Either that or he got back on the meds. Heck, I may need to take him off "ignore" now... at least until the season starts.

reds44
02-19-2007, 10:00 PM
Here's a question for you. I think we all know the Reds are going to do everything to keep him on the team.

What if he comes out and murders the ball in Spring Training. Any chance he is playing OD over the Freel/Denorfia combo? I say no, but you never know.

I can't wait to see this guy play.

reds44
02-19-2007, 10:13 PM
He seems like such a nice, humble, innocent guy. What happend to him?

vaticanplum
02-19-2007, 10:19 PM
He seems like such a nice, humble, innocent guy. What happend to him?

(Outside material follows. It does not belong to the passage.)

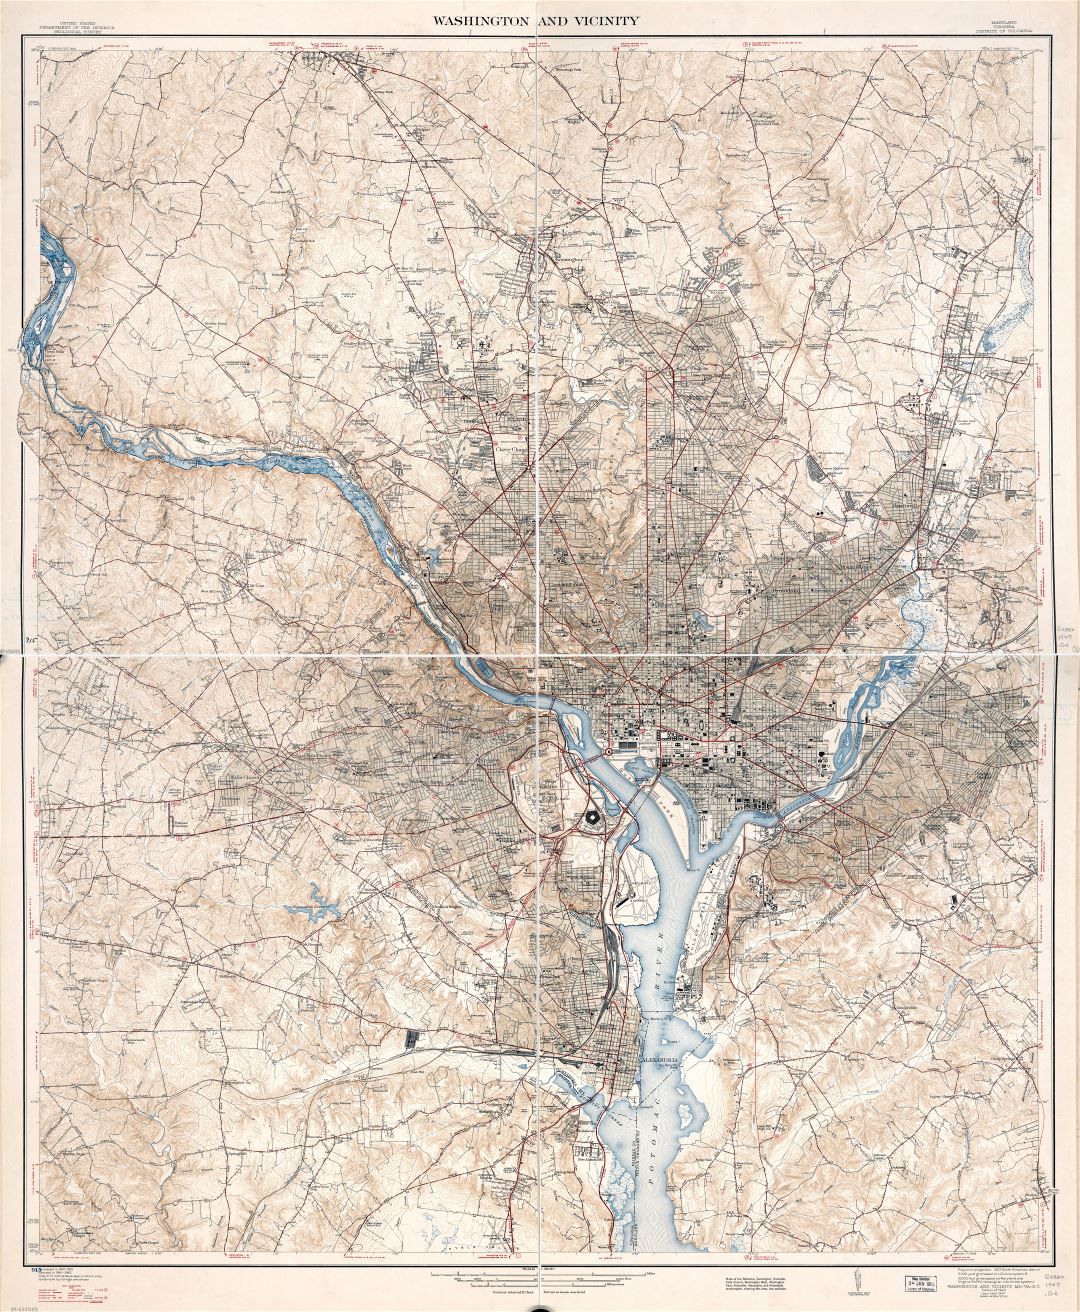 Крупномасштабная детальная карта Вашингтона и окрестностей, округ Колумбия, штат Мэриленд, Вирджиния - 1947

As I understand it, things went south after a car accident which injured him badly enough that he couldn't play baseball. It's one of my prime fears for kids who are groomed to be athletes and athletes alone: that's a precarious enough profession that it can literally be taken away from you in a second. If you're left with no other options, then you're not going to know what the hell to do with yourself. No purpose in life at just the time when everybody else seems to be going after the lives they want, and throw a whole lot of money on top of it. Bam.

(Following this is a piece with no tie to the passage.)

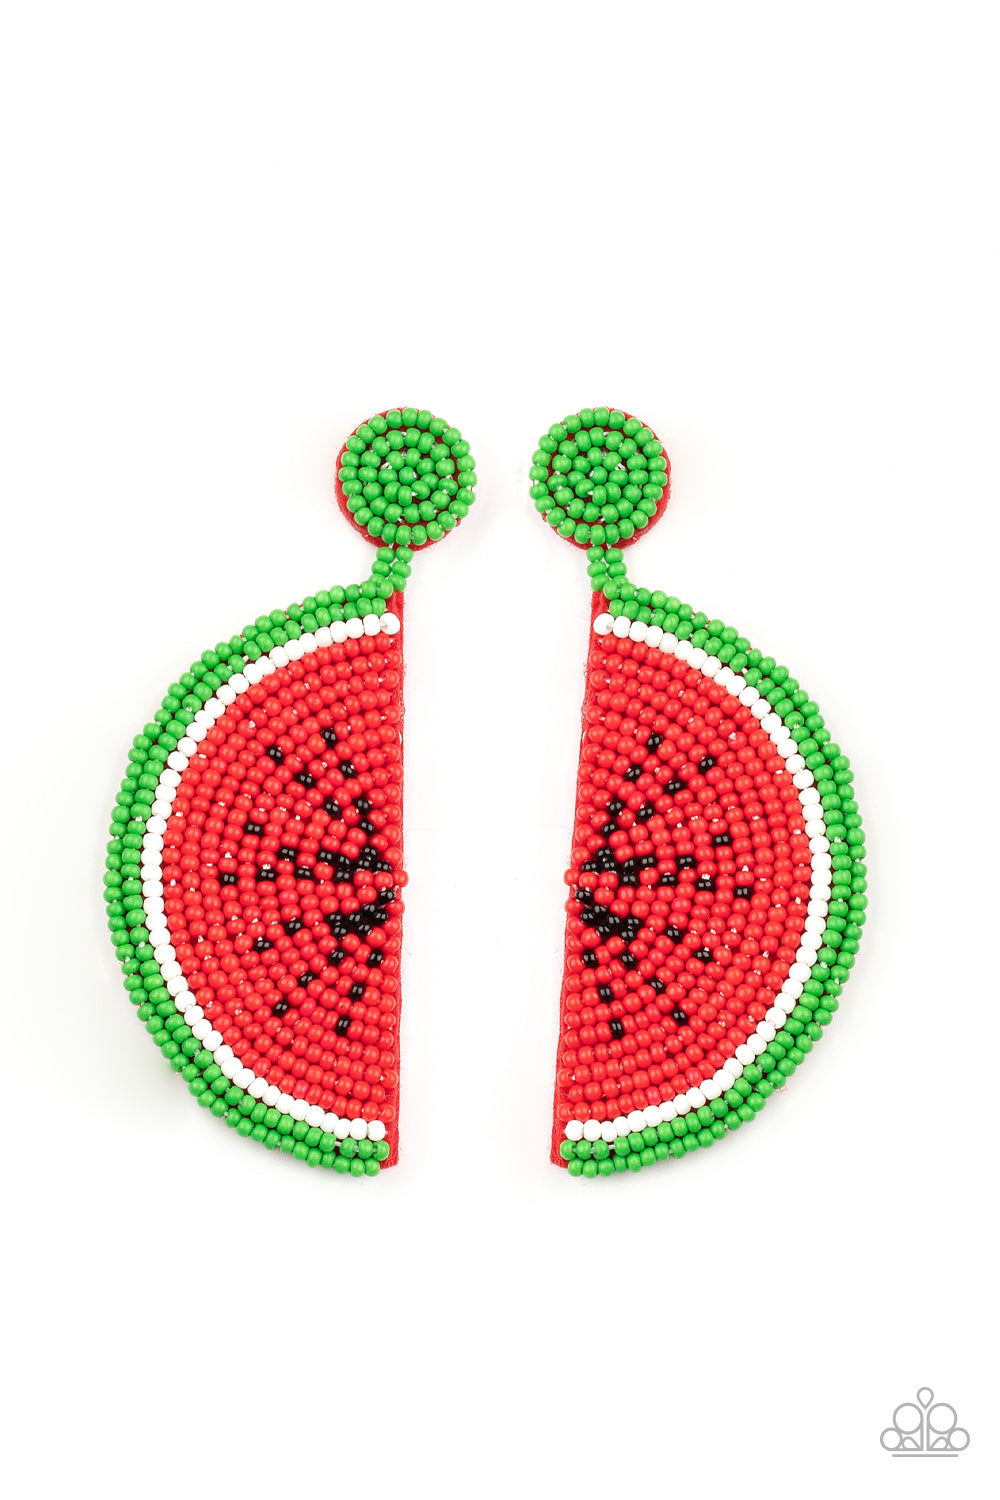 Beebeecraft idea on making seedbead watermelon earrings

I really don't think it's personality as much as circumstances.

Jpup
02-19-2007, 10:26 PM
As I understand it, things went south after a car accident which injured him badly enough that he couldn't play baseball. It's one of my prime fears for kids who are groomed to be athletes and athletes alone: that's a precarious enough profession that it can literally be taken away from you in a second. If you're left with no other options, then you're not going to know what the hell to do with yourself. No purpose in life at just the time when everybody else seems to be going after the lives they want, and throw a whole lot of money on top of it. Bam.

I really don't think it's personality as much as circumstances.

a parent pushing and sheltering their child into something can cause things like this as well. once they are left alone for a while, they go crazy. I've seen it happy to a lesser extent several times.

Here's my theory, people are nuts.

Edd Roush
02-19-2007, 10:29 PM
[QUOTE=BigRed;1245765]If Hamilton makes it into an every day player, this will be the kind of story that someone will make a movie out of. QUOTE]

Hopefully the movie is the 2010 World Series DVD. :beerme:

BoldOD
02-19-2007, 10:37 PM
I live in the Raleigh area and moved here just after he was drafted #1 in 99'. The kids fall from the pinnacle has been unreal, heck he had his own bobblehead before playing a minor league game.

He is certainly a longshot, but what a great story he would be; imagine having a Reds (and modern era) version of "The Natural".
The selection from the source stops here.